### What to do
Go through the data below and transcribe it exactly. Omit the images.
==== The data
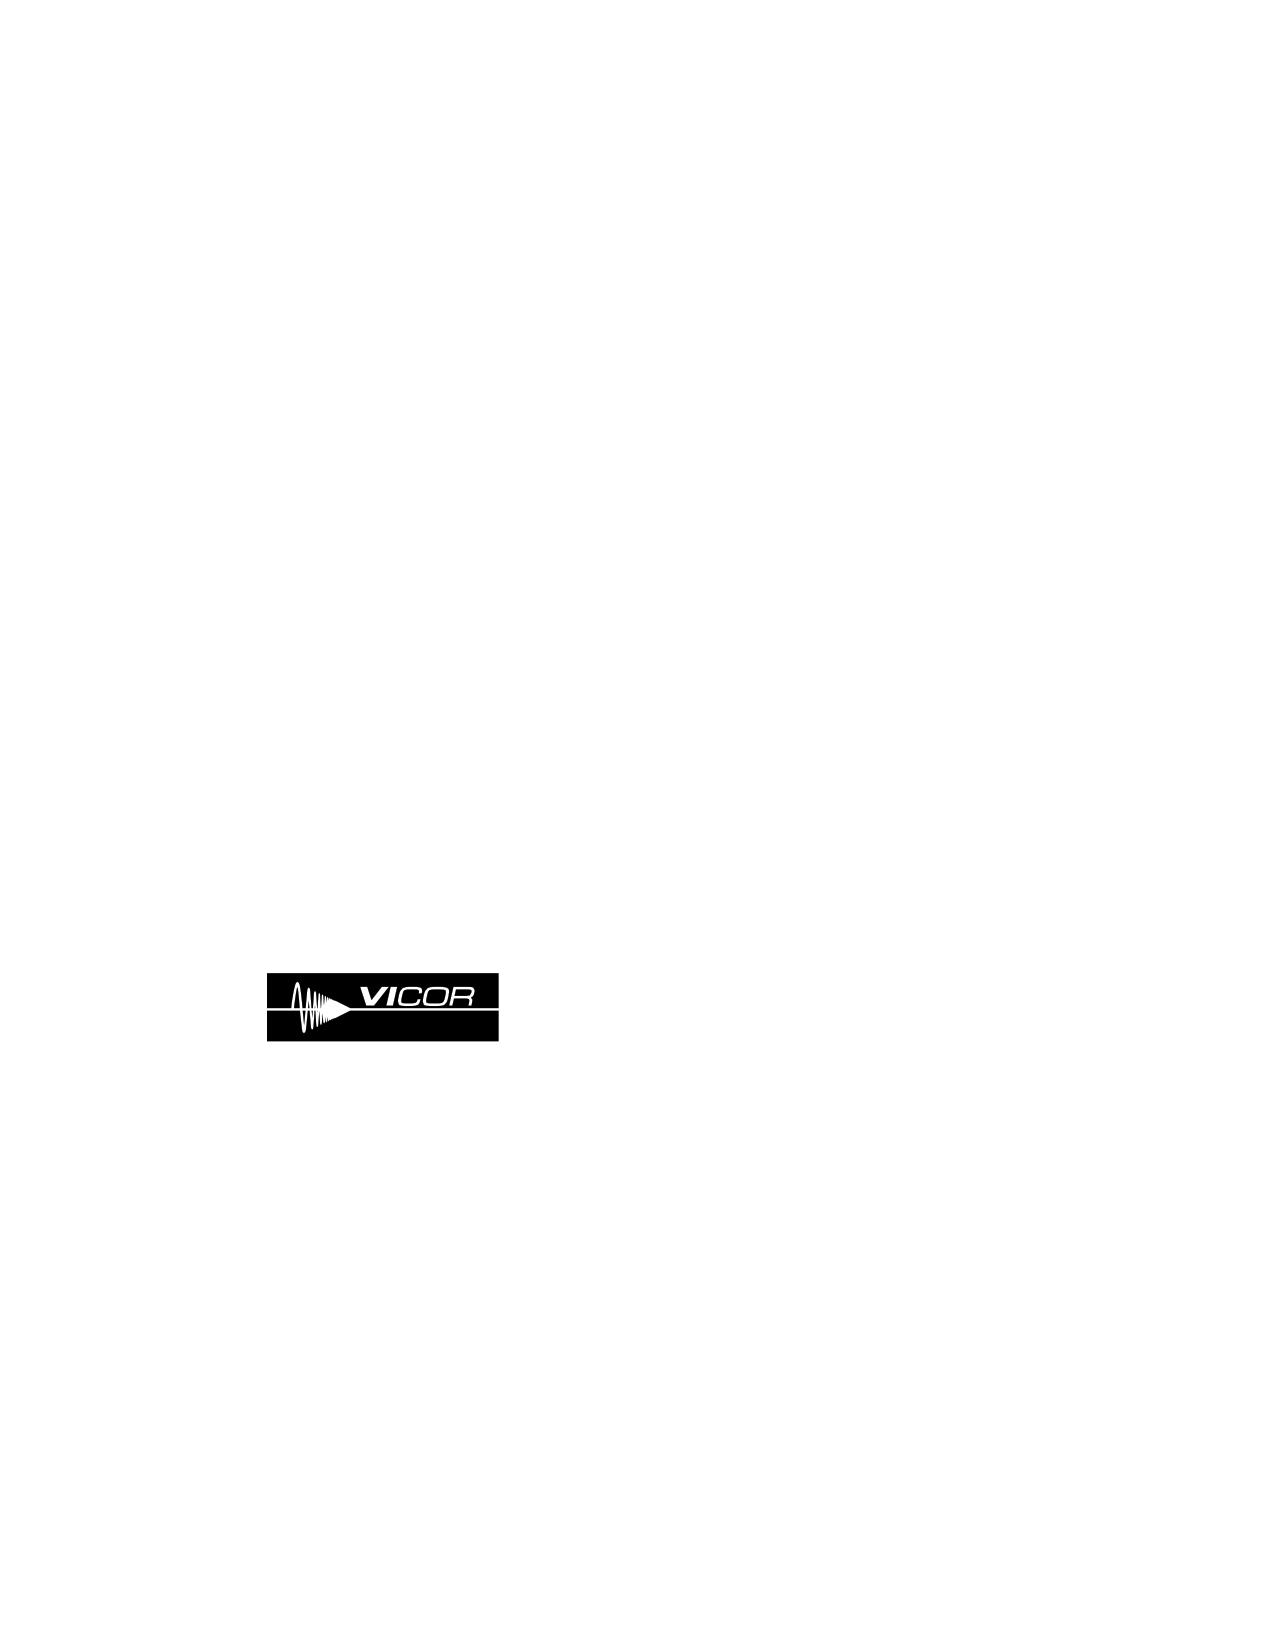 M-FIAM5HN3 pdf
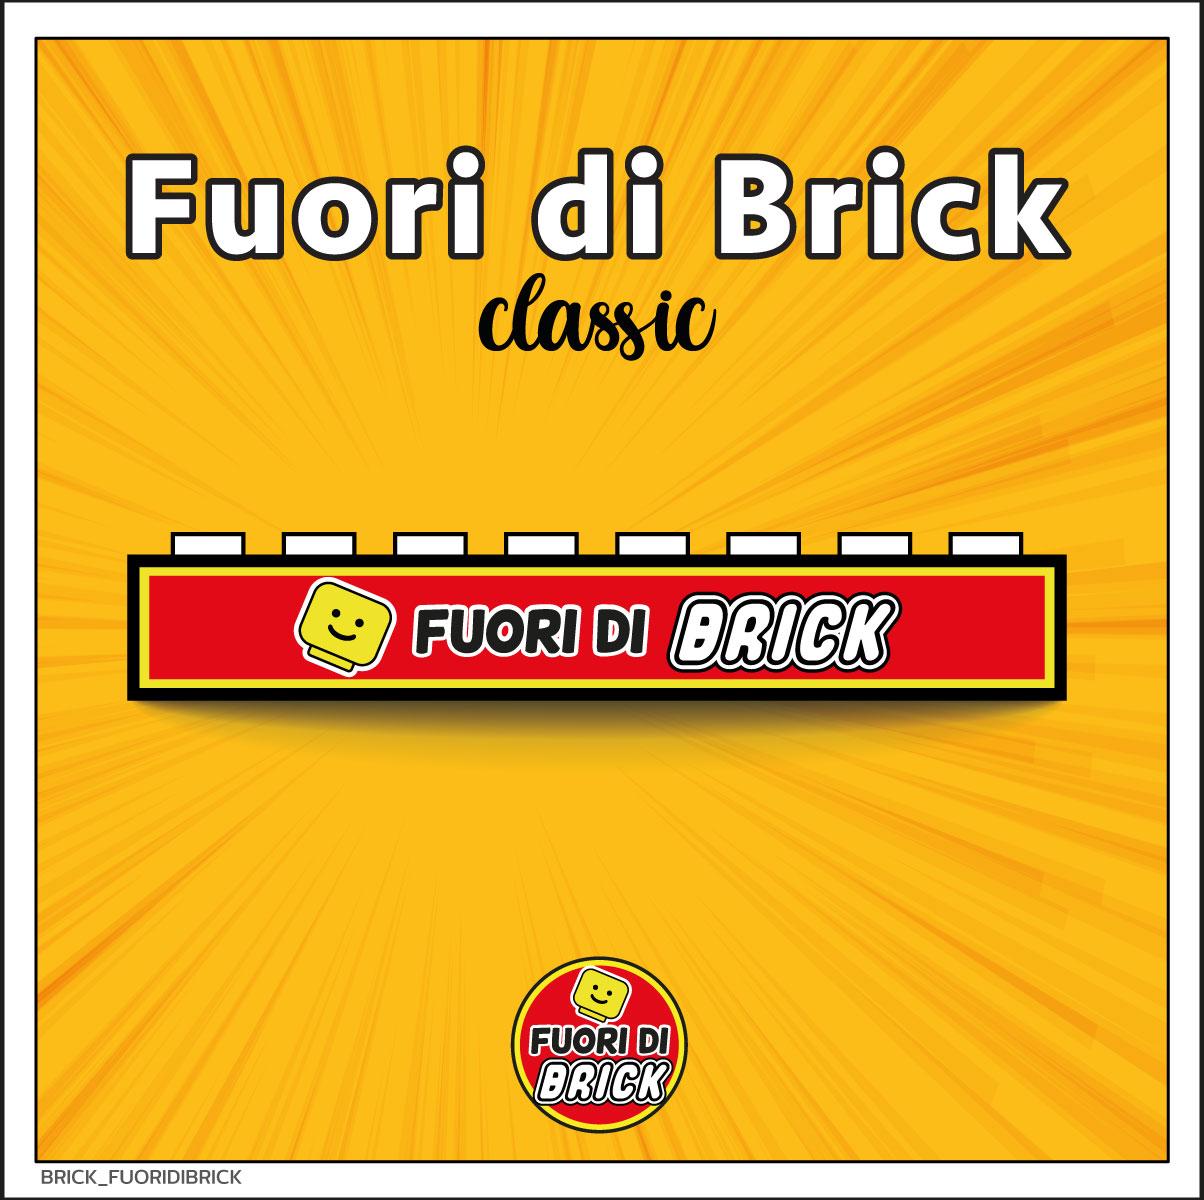 BRICK 1X8_FUORI DI BRICK_CLASSIC
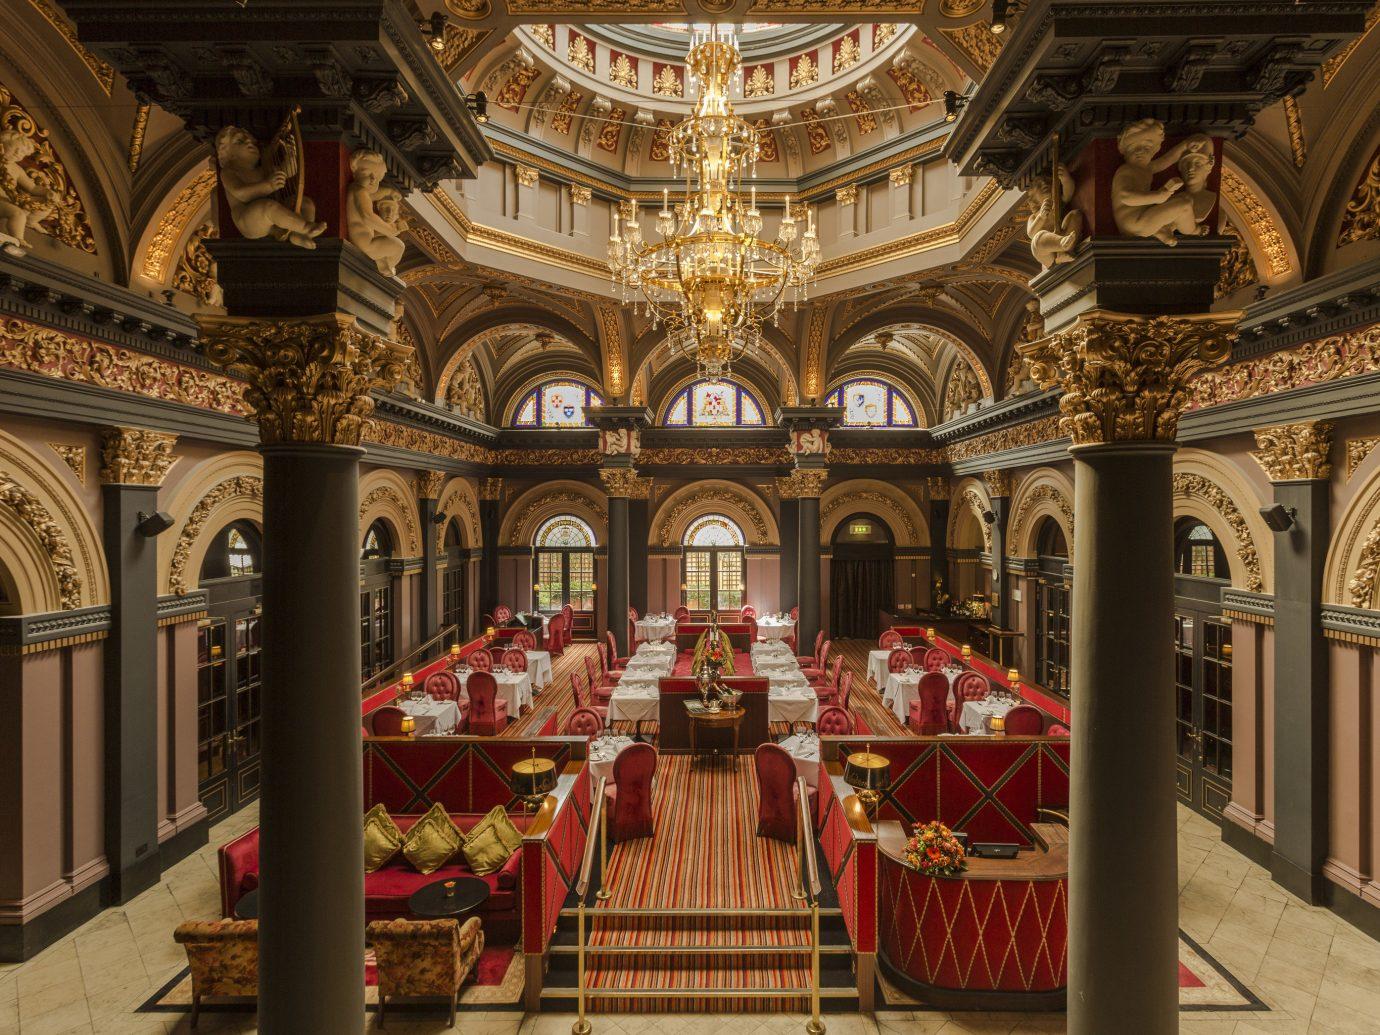 Hotels Trip Ideas building palace place of worship basilica chapel Church ballroom synagogue shrine altar
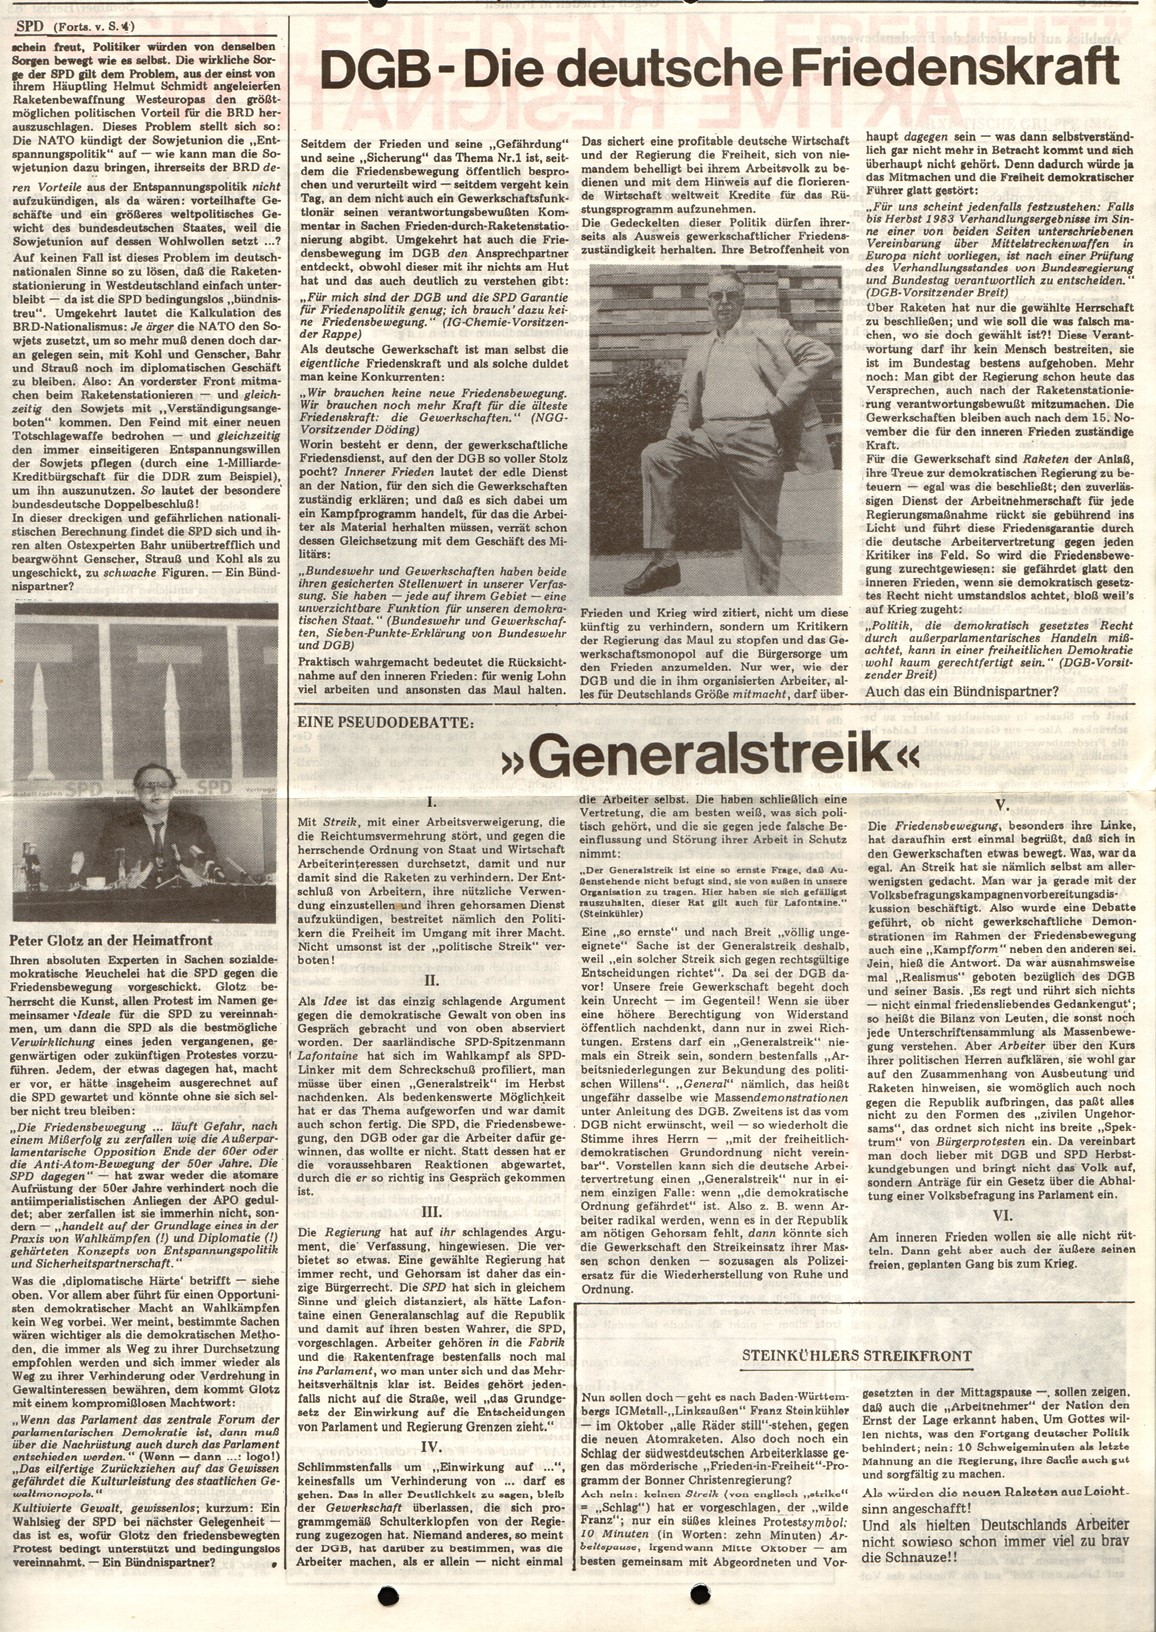 Berlin_MG_FB_19830800_05
========
### Reply to the task
 M-FIAM5HN3 pdf
 BRICK 1X8_FUORI DI BRICK_CLASSIC
 Hotels Trip Ideas building palace place of worship basilica chapel Church ballroom synagogue shrine altar
 Berlin_MG_FB_19830800_05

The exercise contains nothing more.